May 18, 2006

Research Notes: Bogue on Deleuze on Sade and Masoch

Follow-up to Research Notes: The concept of recirculation from Transversality - Robert O'Toole

In the opening chapter of his Deleuze on Literature, Ronald Bogue focusses on Deleuze's analysis of the conditions of masochism and sadism. These are key concepts linking difference and repetition, circulation and cybernetics, to literary production and psychoanalysis.

Bogue identifies that Deleuze's sigificant claim is that sadism and masochism are formally different conditions, not poles of a single disorder. Sadomasochism is then a 'syndrome' not a disease, a badly analyzed composite of symptoms.

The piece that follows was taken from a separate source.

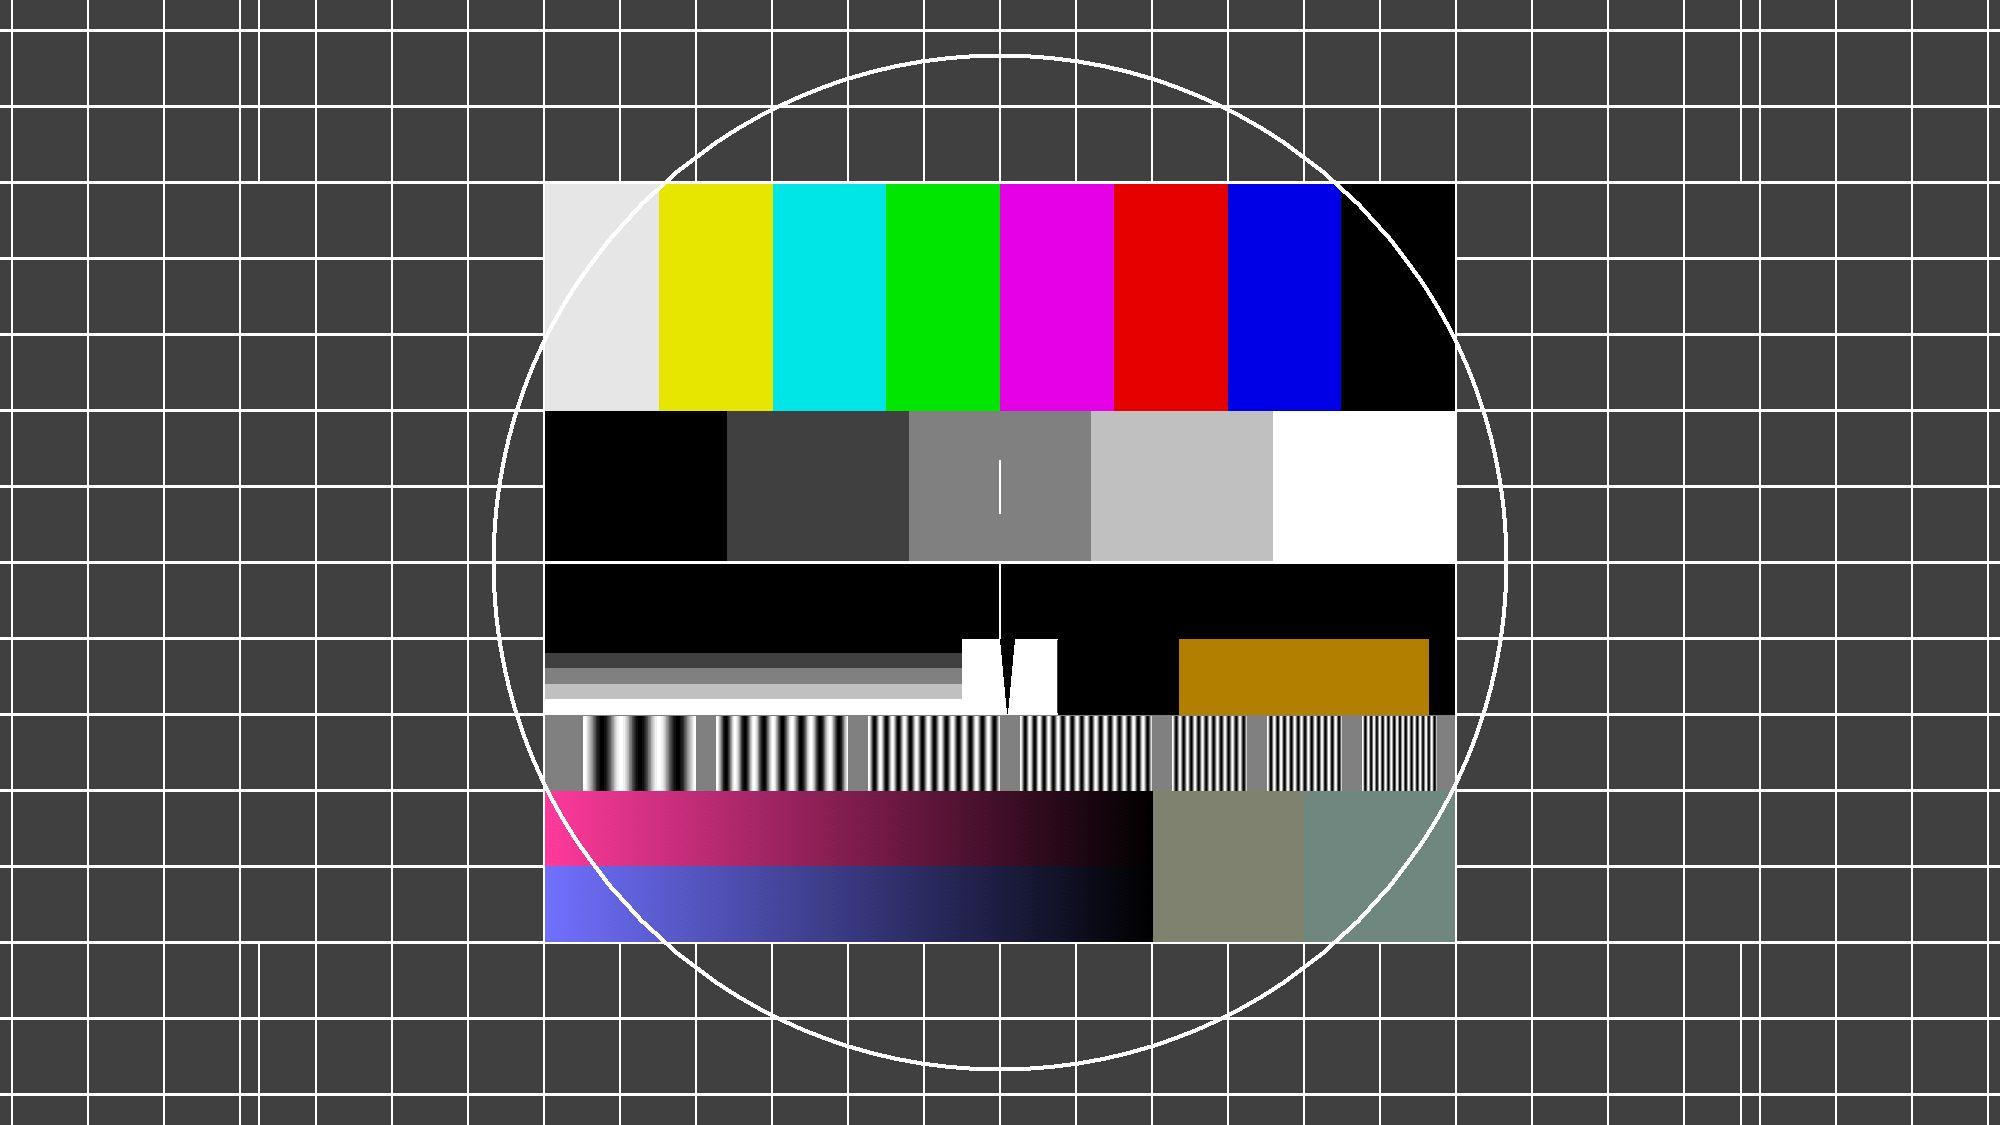 Частоты бесплатных эротических телеканалов 10 фотография

Whereas in Sade erotic scenes are repeated with violent and mechanical reiteration, in Masoch phantasy figures are identified with motionless art objects – statues, portraits, photographs – components of scenes that are repeated in a stuttering sequence of frozen images. Sade seeks the violence of continuous movement and hence abjures the stasis of the art object, whereas Masoch aspires to a world of suspense and waiting, and thus aestheticizes the real as a series of tableaux vivants. p.20

Each is then a solution to the problem of repetition and difference. But they capture and recirculate matter in different ways. Is Sadism closer to mathematics in its relentless application of an algorithm that reduces difference? And Masochism, obviously a theatre focussed on an artistic monument, slowing down differentiation through repetition/rehearsal.

Sade's immediacy – the nomadic war machine? – the desert?
Masoch's theatre – the socius? – the city?
These are conunterposed in Seven Pillars of Wisdom – see my entry on Lawrence and Abu Ghraib

But this is not the phantasm of psychoanalysis. The programme is itself real and complex, with a history of its own. Bogue seems not to see this.